Cysteine framework comparison of plant CRPs with six cysteine residues. β-Ginkgotide β-gB1 displayed a novel cysteine spacing of C–CC–C–CC, with the presence of two CC motif forming three intercysteinyl loops as compared to other CRPs consisting four to six intercystinyl loops. β-Ginkgotide β-gB1displayed a novel disulfide connectivity of CysI–CysIV, CysII–CysVI, CysIII–CysV, which differed from other known CRPs such as cystine knot peptides (CysI‒CysIV, CysII‒CysV and CysIII‒CysVI), thionins (CysI‒CysVI, CysII‒CysV and CysIV‒CysVI) and jasmintides (CysI‒CysV, CysII‒CysIV and CysIII‒CysVI).

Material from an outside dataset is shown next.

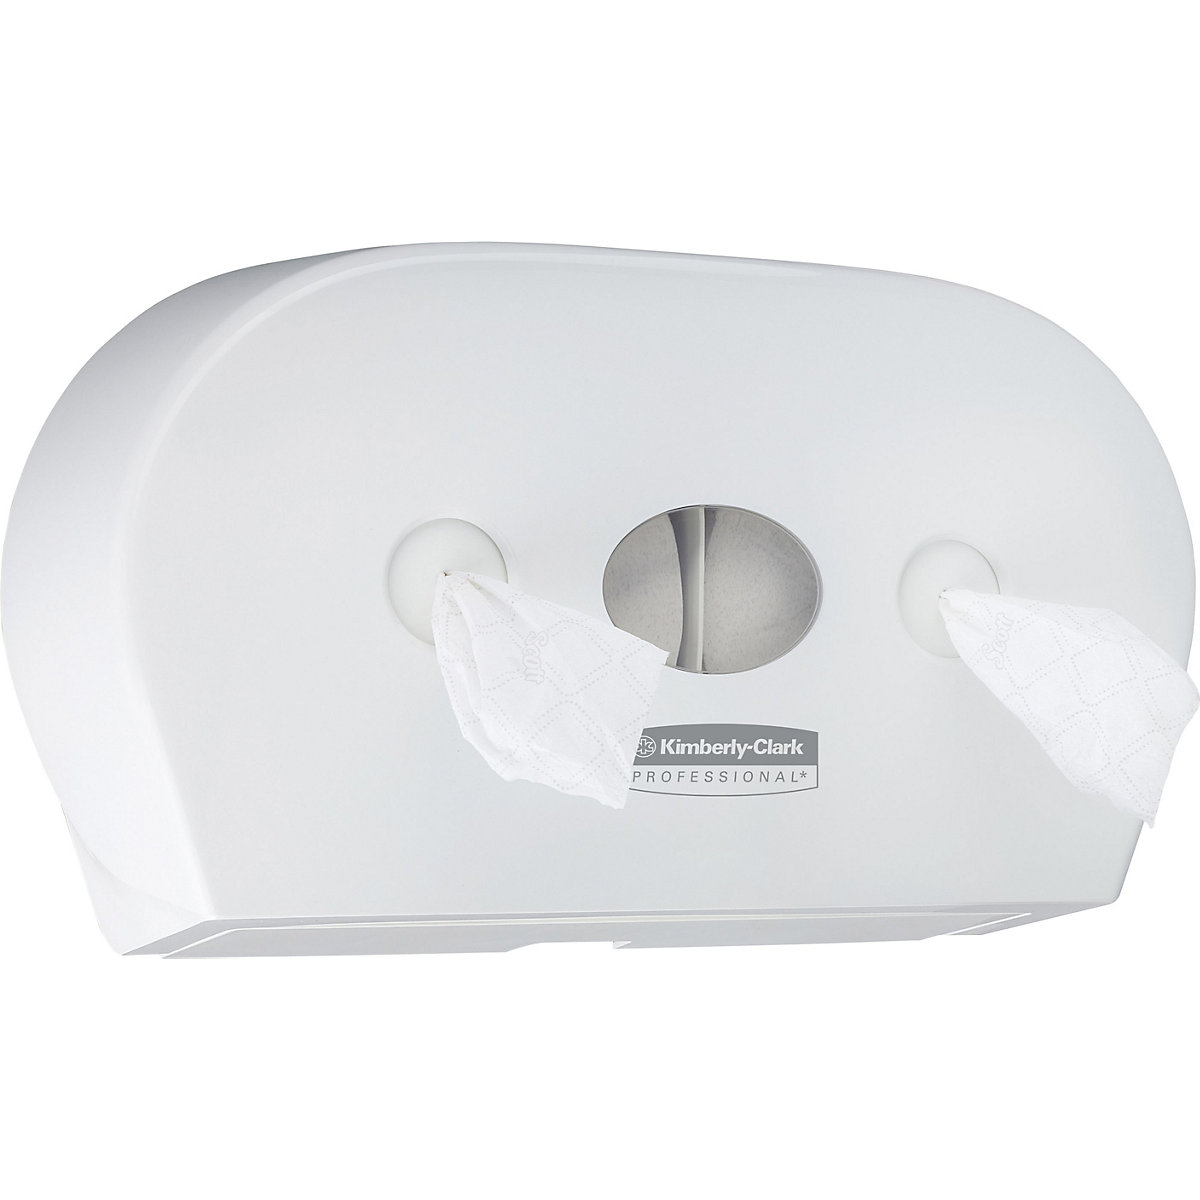 Scott® Control™ Mini WC-papír-adagoló, 7186 – Kimberly-Clark

Intercysteinyl cysteine content refers to the percentage of cysteine present within the cystine core (between the first and last cysteine), in which β-ginkgotide β-gB1displayed the highest content among others.

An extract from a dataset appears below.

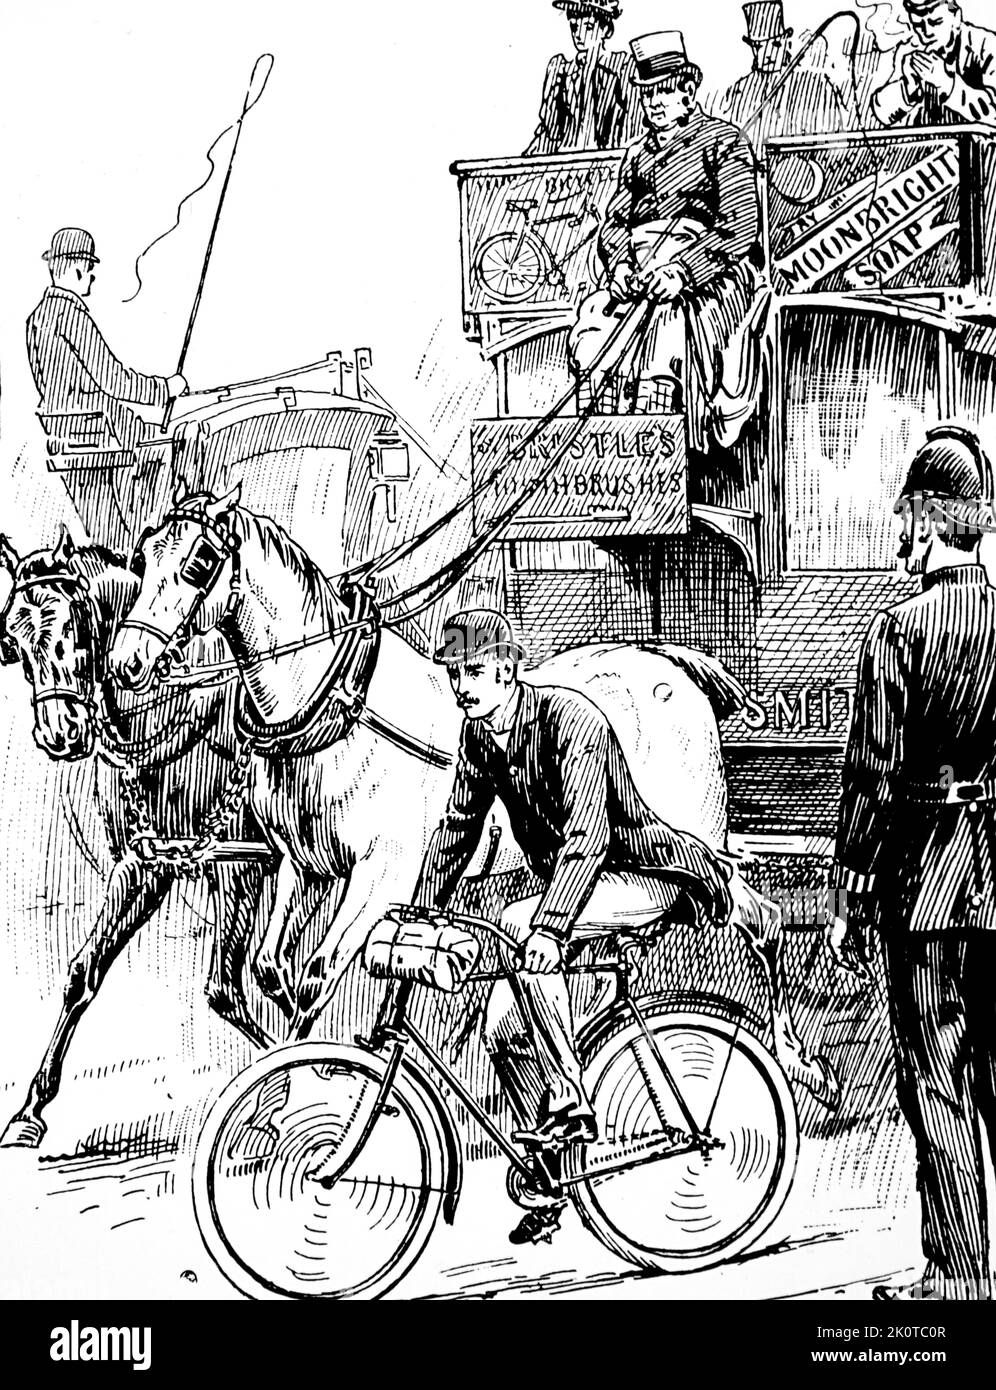 Illustration représentant un cycliste dans un trafic londonien très fréquenté. L'homme roule sur une machine de type sécurité Rover. Illustré par Stephen Thomas Dadd (1879-1914) un artiste anglais. Daté du 19th siècle Banque D'Images

The cysteine framework of β-ginkgotides impacts their structure in two ways. First, it alters their loop size. The amino acids between successive cysteine residues divide the peptide backbone into segments, commonly referred as loops. Cystine knot peptides comprised the majority of CRPs have a cysteine spacing of either C‒C‒CC‒C‒C, found in 6C-hevein-like peptides and CKAIs as 4-loop CRPs, or C‒C‒C‒C‒C‒C, found in carboxypeptidase inhibitors as 5-loop CRPs. Cyclotides which are head-to-tail cyclized knottins with a C‒C‒C‒C‒C‒C cysteine spacing are 6-loop CRPs. Compared to these four to six looped cystine-knot peptides, β-ginkgotides, with a cysteine spacing of C‒CC‒C‒CC, only have three loops because of the presence of two CC motifs (two adjacent cysteine residues). The presence of a CC motif can be found in various CRPs such as CKAIs, thionins and jasmintides; however, the novel cysteine spacing in β-gB1 has not yet been observed in other known plant CRPs. For example, the CC motif in 6C-hevein-like peptides and CKAIs is located at CysIII and CysIV, whereas in thionins, the CC motif is located near the N-terminus, at CysI and CysII. Interestingly, the cysteine spacing of jasmintides is a mirror image of that of thionins, whose CC motif is located near the C-terminus, at CysV and CysVI. Since each family CRPs share a common structural fold, the size and sequence variations of the displaying loops play an important role in diversifying their biological functions.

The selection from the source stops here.